Surely the contribution is cataloging and detailing information about tree microbiomes and not proving that they aren't all identical?
> Despite significant advances in microbiome research across various environments, the microbiome of Earth’s largest biomass reservoir—the wood of living trees—remains largely unexplored. Here, we illuminate the microbiome inhabiting and adapted to wood and further specialized to individual host tree species, revealing that wood is a harbour of biodiversity and potential key players in tree health and forest ecosystem functions. We demonstrate that a single tree hosts approximately one trillion bacteria in its woody tissues, with microbial communities distinctly partitioned between heartwood and sapwood, each maintaining unique microbiomes with minimal similarity to other plant tissues or ecosystem components. The heartwood microbiome emerges as a particularly unique ecological niche, distinguished by specialized archaea and anaerobic bacteria driving consequential biogeochemical processes. Our findings support the concept of plants as ‘holobionts’—integrated ecological units of host and associated microorganisms—with implications for tree health, disease and functionality. By characterizing the composition, structure and functions of tree internal microbiomes, our work opens up pathways for understanding tree physiology and forest ecology and establishes a new frontier in environmental microbiology.
This surely seems like a game changer and won’t need much of deforestation at some point.
Please please please stop believing the lie-box; especially don't post its slop for other people to read. It takes orders of magnitude longer for me to debunk this rubbish than it took you to post it, and that's a problem.
tada
Considering the two facts above and how often multicellular organisms and unicellular organisms interact, it's highly improbable that any multicellular organism would have evolved without developing a life sustaining dependence on a huge array of unicellular organisms. I would be very surprised if that happened.
I'm not dismissing your remark. Any day where you don't learn at least one new thing is a day wasted. But given the mathematical odds, what you said seems inevitable to me rather than a surprise.
Simple Multicellularity is estimated to have evolved at least 20 and probably more than 50 times for independent events of simple multicellularity.
Complex multicellurarity at least six times (animals, plants, fungi, brown and red algae).
Wouldn’t surprise if for us to know about 50 at this point there were orders of magnitude more that we’ll never know of.
> Wouldn’t surprise if for us to know about 50 at this point there were orders of magnitude more that we’ll never know of.

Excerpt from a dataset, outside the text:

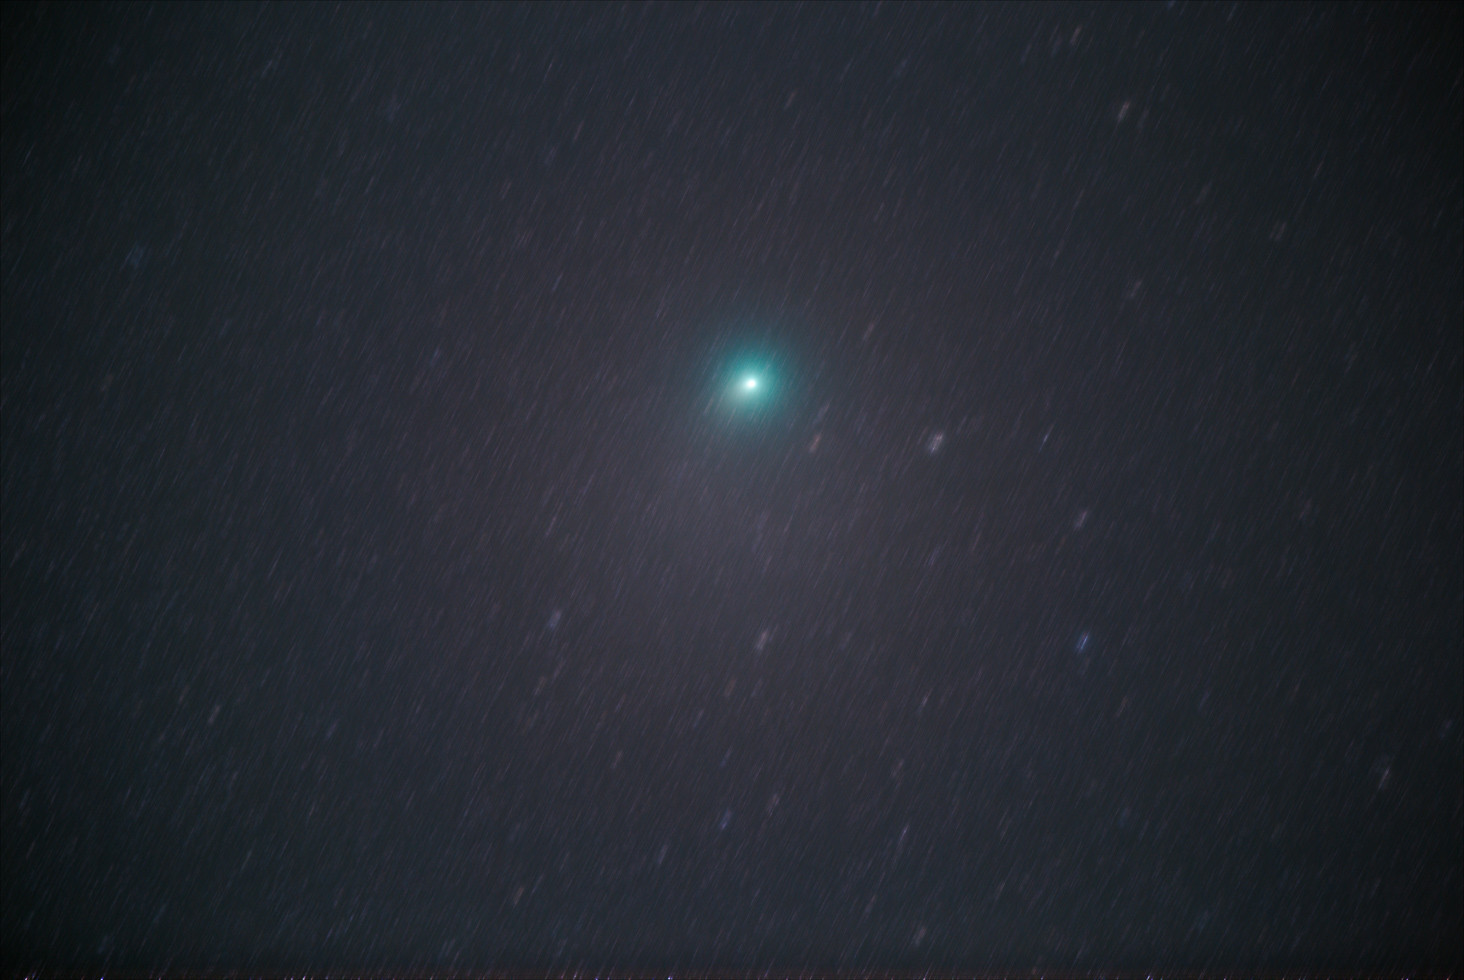 ウィルタネン彗星46p Wirtanen 天体写真撮影日記

Indeed! The Wikipedia article mentions it. To be honest, it's a surprise that we know about 50 cases, given the fact that almost none of them had any hard tissue or structures (like bones or shells) that can survive as fossils. Given those odds, we are likely underestimating the cases by several orders of magnitude.
If that's the case, then the relevant Wikipedia article [1] will need a major correction. They reference multiple sources which are more likely to interest you.
Multiple independent emergence of multicellular life didn't really surprise me, considering how often unicellular life mutates. I'm actually surprised by the suggestion that the opposite is the current scientific consensus. Do you have any sources for that? (Not a challenge. Just want to understand the situation and misconceptions if any.)
[1] https://en.wikipedia.org/wiki/Multicellular_organism#Occurre...
All multicellular life is eukaryotic, but not all eukaryotes are multicellular, e.g. amoebae.
There are a lot of other kinds of multicellular living beings, which have achieved multicellularity independently, plants and fungi being the most obvious on dry land, but most of these other multicellular life forms had to lose mobility when becoming multicellular.
Only a few have retained some limited mobility when multicellular, e.g. the slime molds, but they are much simpler than those which have lost completely mobility, by having rigid cellular walls, like plants, fungi and several distinct kinds of marine algae.
There are even several kinds of (very simple) multicellular bacteria, among Cyanobacteria (blue-green algae), Myxobacteria (resembling slime molds) and Actinobacteria a.k.a. Actinomycetes (resembling fungi).
A parallel could be drawn with CVCs acquiring startups. Or tiger penis soup. Neither being generally palatable dinner table conversation, but both similarly unlikely consumptive cultural concepts!
This is relevant to the discussion as it poses the idea that greater variability in the biomes of indivual trees could be partly liked to greater genetic variability of the trees themselves. If so, the value of intact large forests is then increased, and may point to non linear decreases in other forsest species.